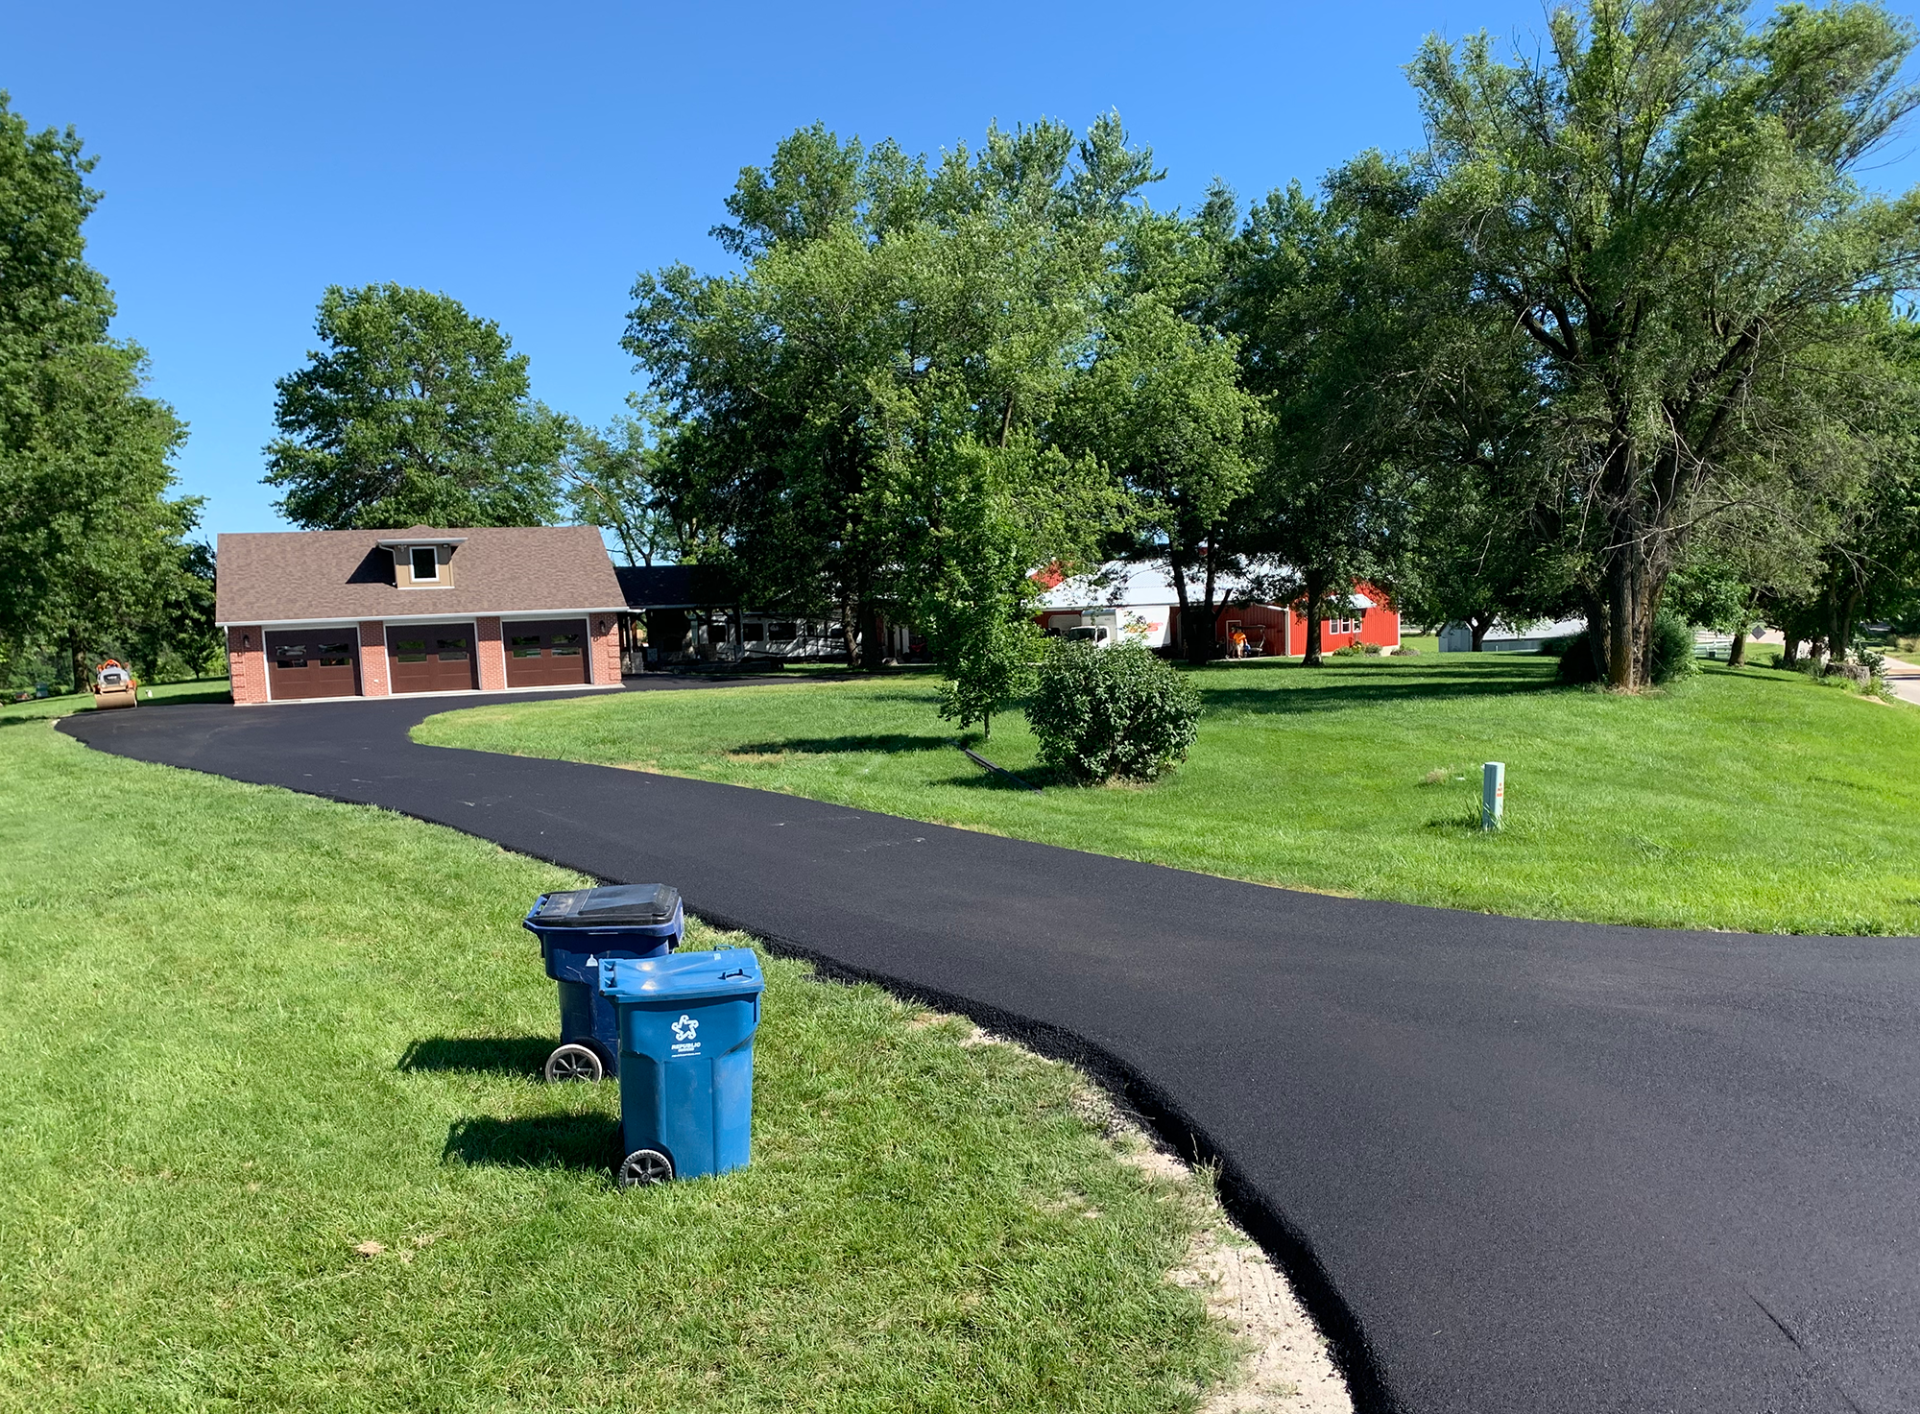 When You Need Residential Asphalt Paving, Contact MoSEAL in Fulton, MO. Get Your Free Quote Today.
==
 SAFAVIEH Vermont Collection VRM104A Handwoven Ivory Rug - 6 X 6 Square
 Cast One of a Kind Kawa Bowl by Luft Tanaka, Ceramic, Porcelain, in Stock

Task item ::
The lines to extract from the data above begin with the line containing "SAFAVIEH Vermont Collection" and end with the line containing "Cast One of". Extract them exactly, including both.

Answer space ::
 SAFAVIEH Vermont Collection VRM104A Handwoven Ivory Rug - 6 X 6 Square
 Cast One of a Kind Kawa Bowl by Luft Tanaka, Ceramic, Porcelain, in Stock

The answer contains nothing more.